Studies reveal subtle ethnic differences in inherited Parkinson's

25 November 2009

Two of the largest ever genetic studies, published last week in the journal Nature Genetics, have unearthed subtle ethnic differences in the genetic basis of Parkinson's.

The first study compared the DNA of people with and without Parkinson's in a Japanese population.

The second study, in the United States, focused on people of European heritage.

Changes in 3 key genes increased the risk of developing Parkinson's in both Japanese and European populations. But the researchers also identified genes that are exclusive to each group.

What the researchers did

Researchers at Japan's Kobe University analysed the genes of 2,011 people with Parkinson's and 18,381 others without the condition.

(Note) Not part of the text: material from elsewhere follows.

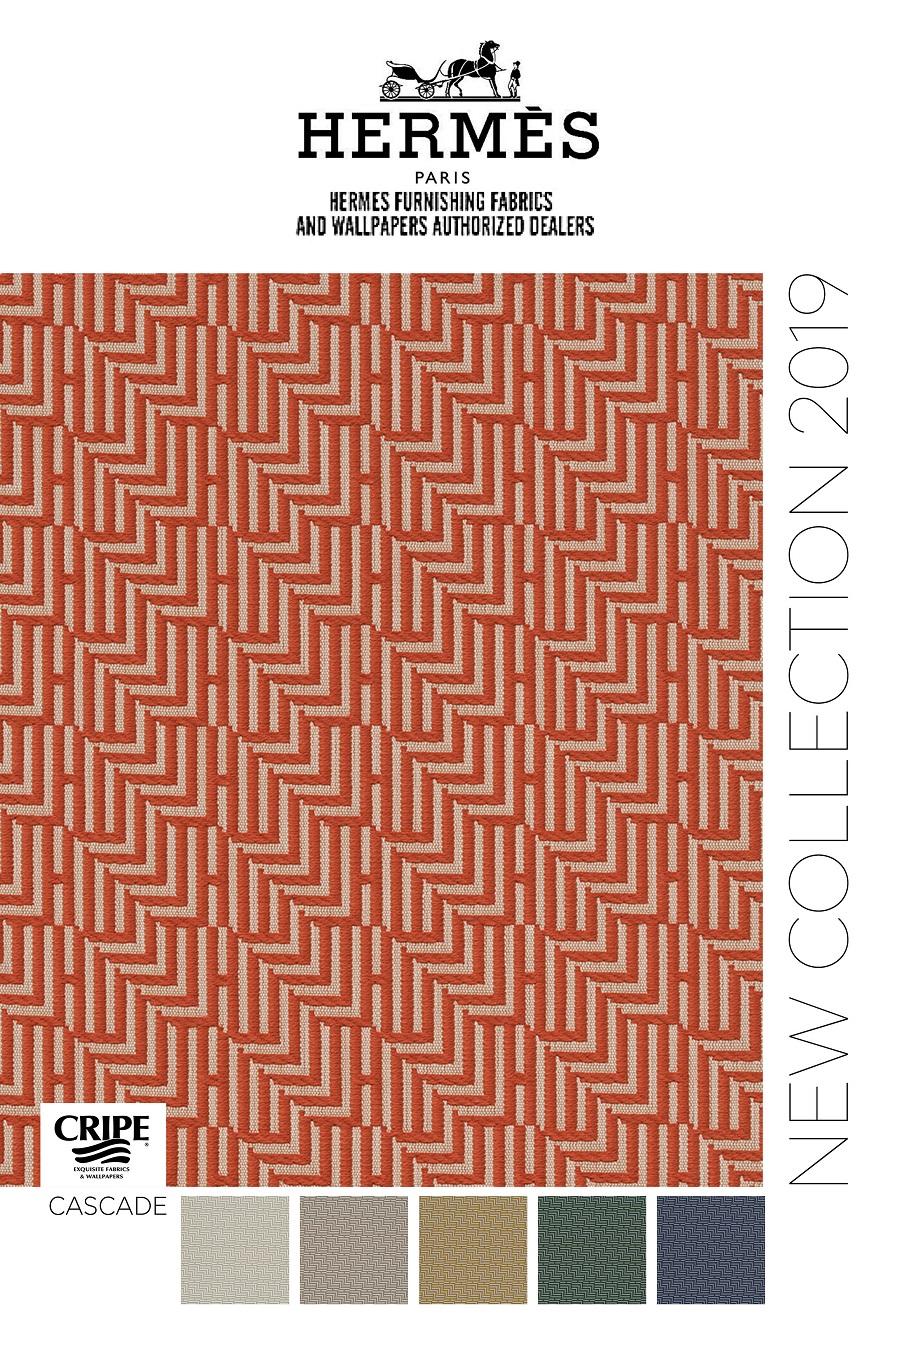 CRIPE PRESENTATION-HERMES-COLLECTION 2019-12

They found that people with Parkinson's had changes in 4 genes: 2 new genes PARK16 and BST1, and 2 previously identified genes SNCA and LRRK2.

Researchers at the National Institute of Health in the United States compared the genes of 1,713 people with Parkinson's, to 3,361 without the condition. The most common risk genes for Parkinson's were SNCA and MAPT in people of European ancestry.

When the teams compared their data they found that both populations share mutations in PARK16, SNCA and LRRK2. But changes in the BST1 gene were only found in the ethnic Japanese population, and MAPT mutations were exclusive to Europeans.

What this means

Dr Kieran Breen, our Director of Research and Development, said:

"This fascinating research shows that there are some ethnic differences in the genetics of Parkinson's.

"It's fantastic to see international collaboration between research teams leading to new insights into genetics.

"Understanding the role of inherited genes in Parkinson's will help us to develop treatments that may delay, or even prevent, the development of the condition."